Es befinden sich unter umständen noch Ventile oder sonstige Aktoren hinter den SPS Ausgängen, welche dann wieder Zylinder oder Motoren antreiben die eine Gefahr bedeuten können. Diese gehören in die SF! 

Nach dem identifizieren, kommt die Festlegung der Eigenschaften, mit dem PLr geht man dann an die Realisierung. z.B. nimmt man das Säulendiagramm und ermittelt wie man den PLr erreichen kann auch die nötige Kategorie kann man hier ablesen. 
Erst jetzt macht man sich Gedanken wie man dies mit Bauteilen lösen könnte und erstellt ein Sicherheitsgerichtetes Blockdiagramm. Nach der Gestaltung sollte man eine Fehlerbetrachtung machen und sehen ob man die Forderungen der Kategorien überhaupt erfüllen kann mit diesem Aufbau. Erst jetzt geht es an den Nachweis mit der Sistema. 
MTTFd, DC, CCF, Systematische Ausfall und zuletzt die Validierung des ganzen.

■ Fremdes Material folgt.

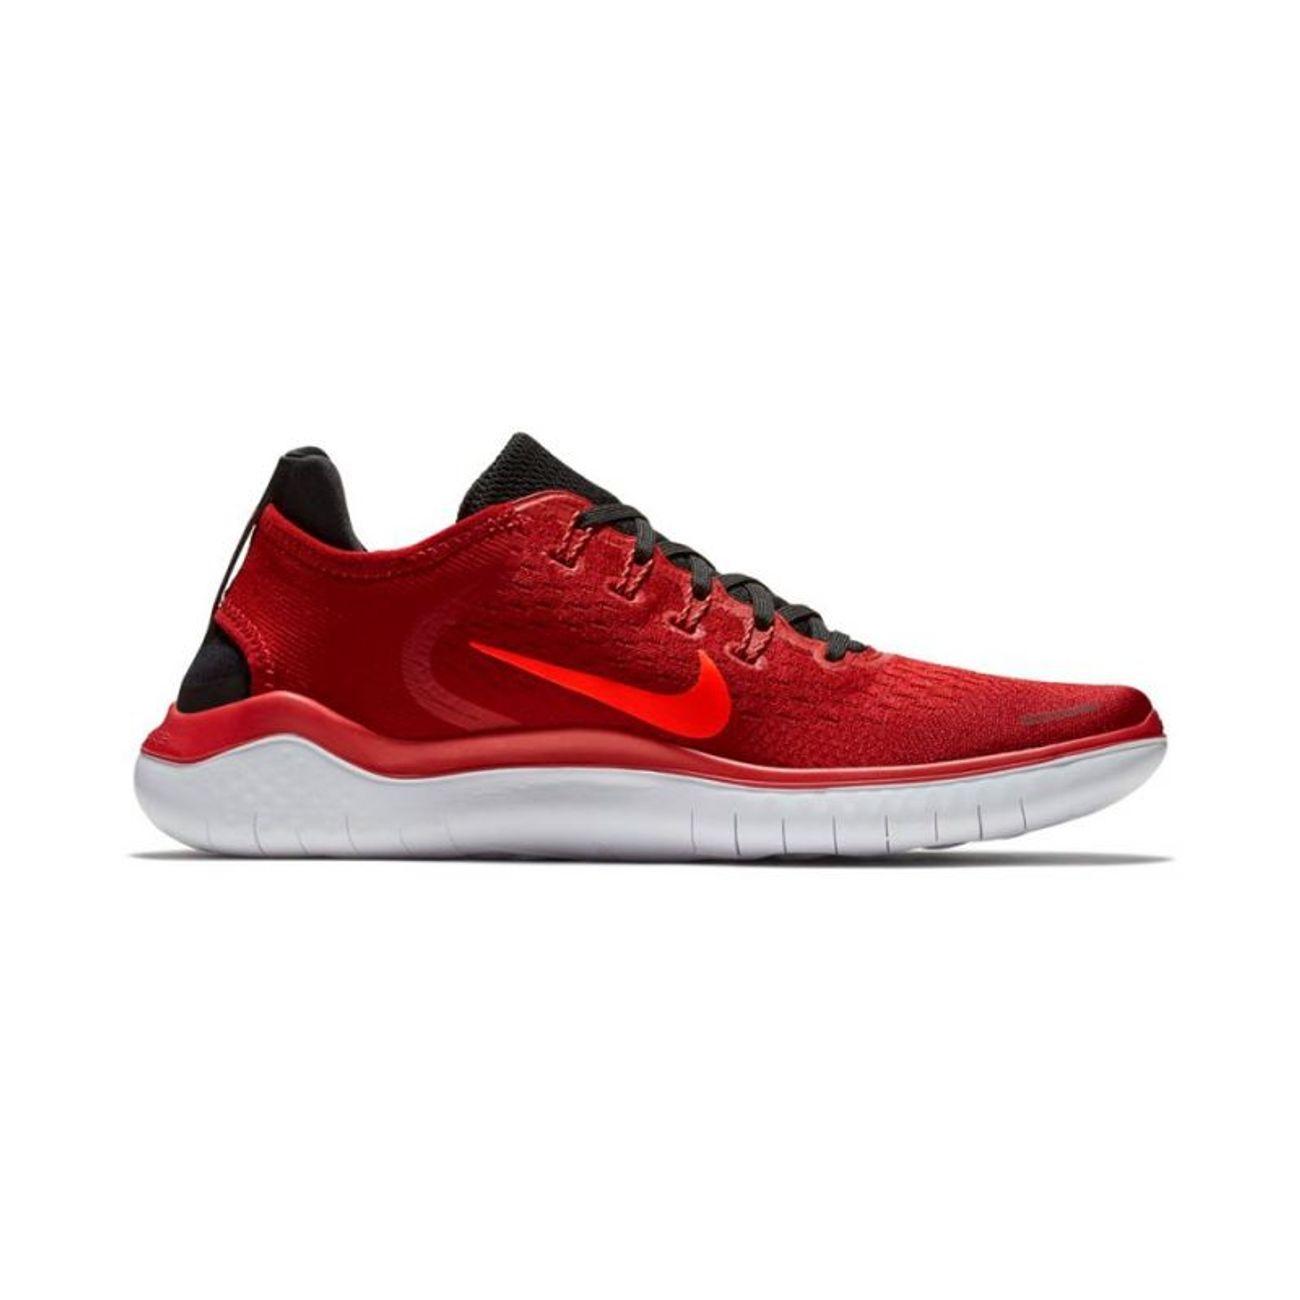 602 2018 Rn Free Running Nike Ni942836 Adulte 76Ybyvgf
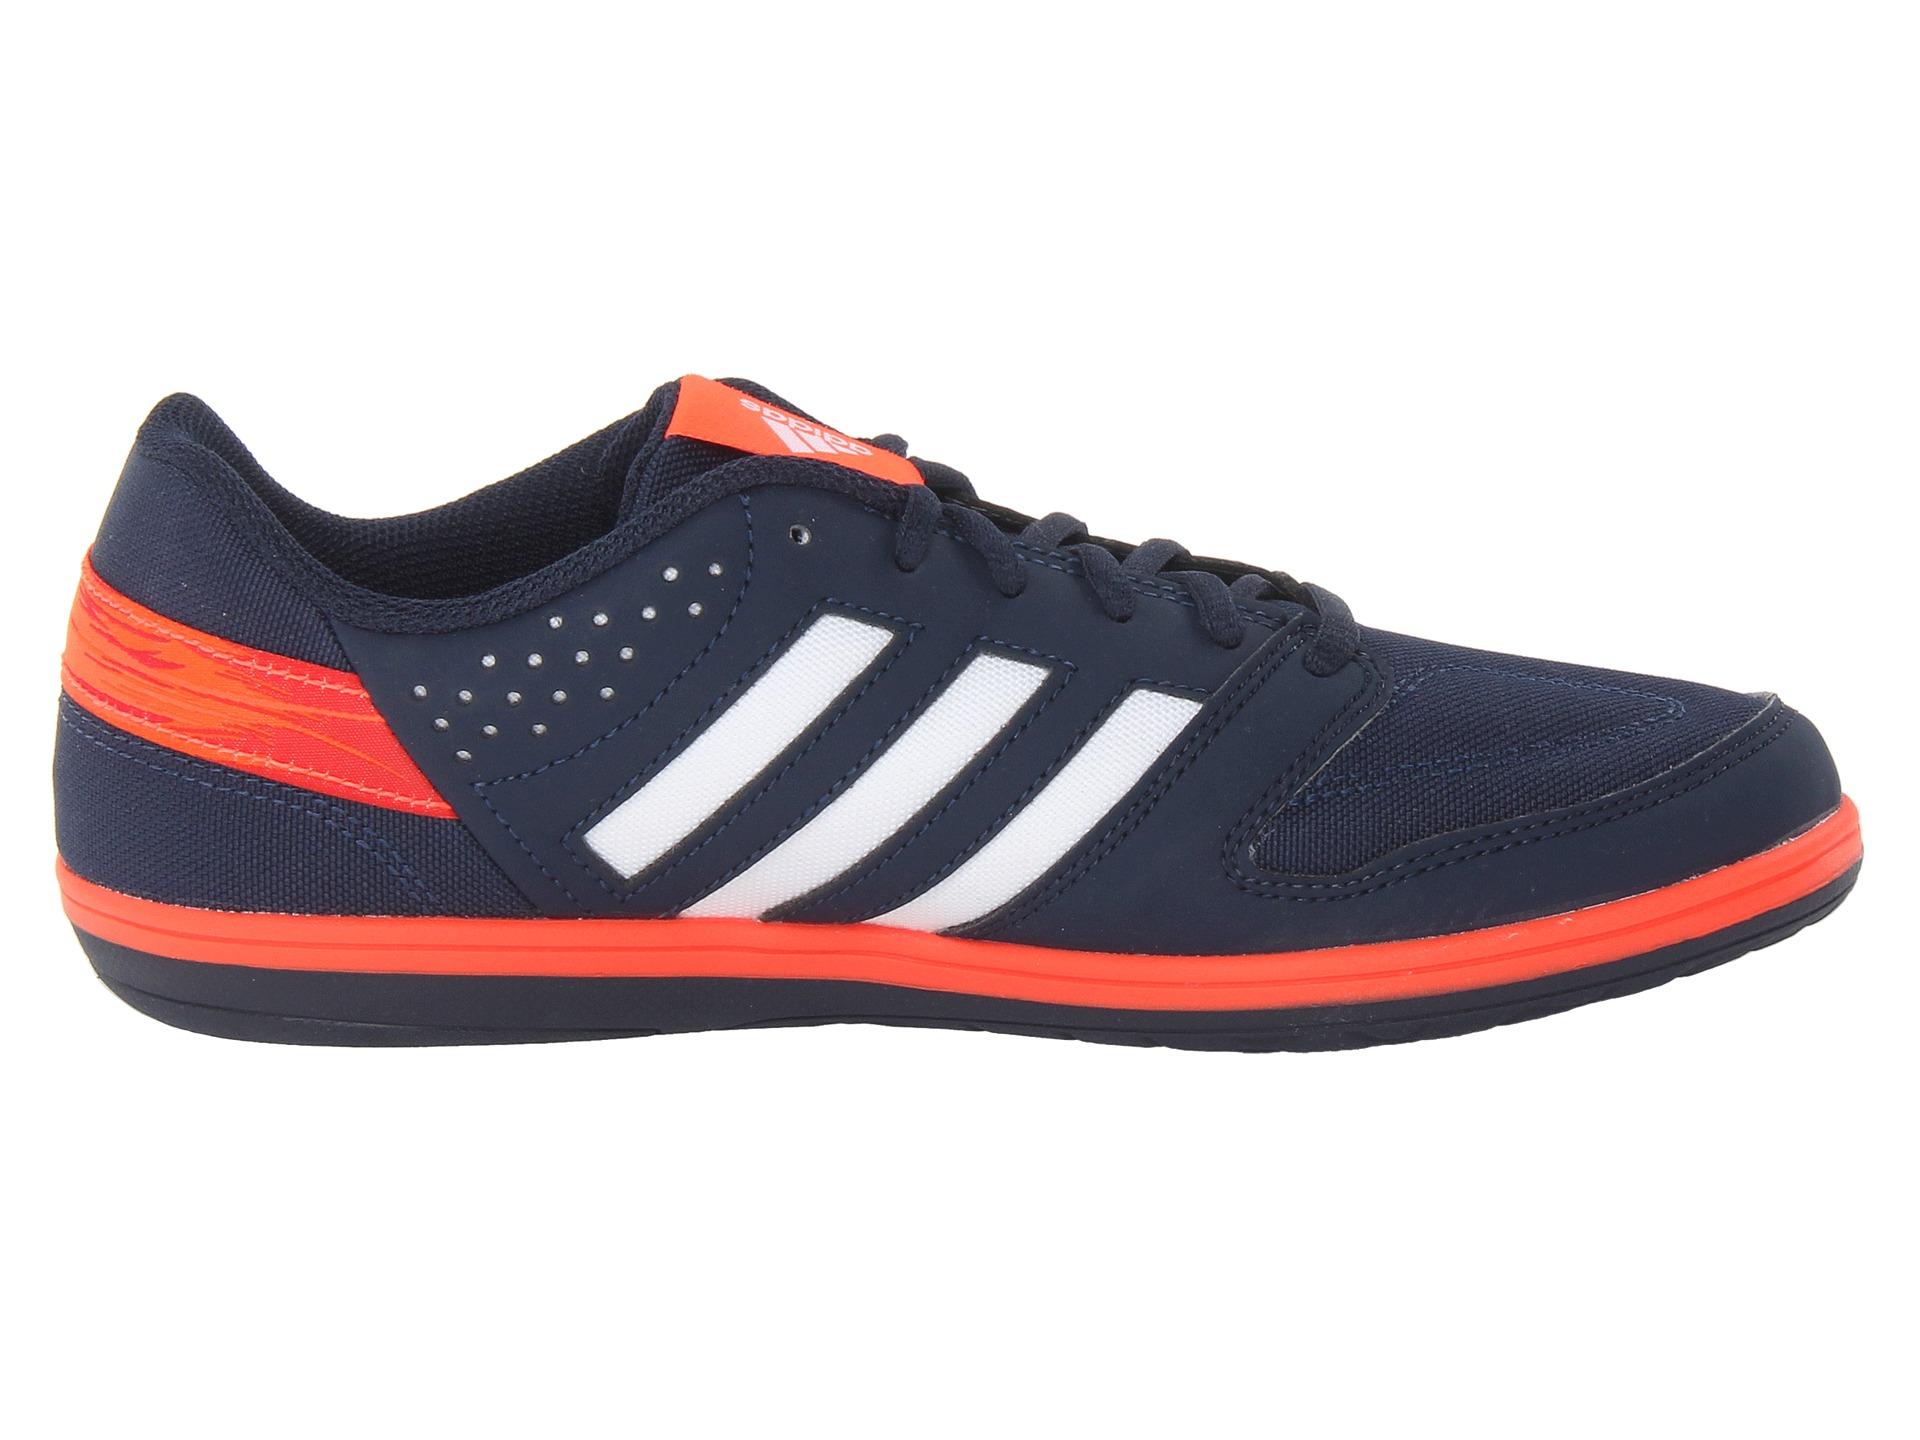 mayor descuento muy bonito descuento especial de adidas freefootball janeirinha sala indoor soccer shoes off 56 ...

Für die SPS musst Du im Normalfall einen Fehlerausschluss machen, aber dies musst Du mit dem Hersteller abklären ob dies geht. Also eine SB in die Sistema und Fehlerausschluss anklicken. Noch mal nur wenn es der Hersteller bestätigt und es deinem PLr entspricht !!!!!

Dann sind die nach der SPS angeordneten Aktoren auch nach 13849 zu betrachten und entsprechend des PLr auszuführen. 

Wie viele Aktoren in die SF müssen ist auch noch abhängig von der Überschneidung von Gefahren.

Also es könnte so aussehen.
SB1 Not-Halt
SB2 Logik
SB3 Schütze
SB4 SPS (Fehlerausschluss mit Begründung, wenn Hersteller bestätigt)
SB5 Aktor 1 nach SPS
SB6 Eventuell Aktor 2,3,4, usw. nach SPS

Das ganz ist entsprechend der Technologie aufgebaut muss aber nicht, man kann teilweise die Kappung von 100 Jahren umgehen.

Nur ein paar Tipps und meine Meinung.


----------



## mmr (21 Juni 2010)

Danke schon mal für die Infos.
Wobei ich hier erst mal wieder weiß das ich nix weiß.
Das ist alles nicht so einfach zum selber beibringen.
Hat jemand die Info wann und wo mal eine richtig gute SISTEMA Schulung ist, bzw. wer sowas anbietet.
Sonst glaub ich macht das alles keinen Sinn.....


----------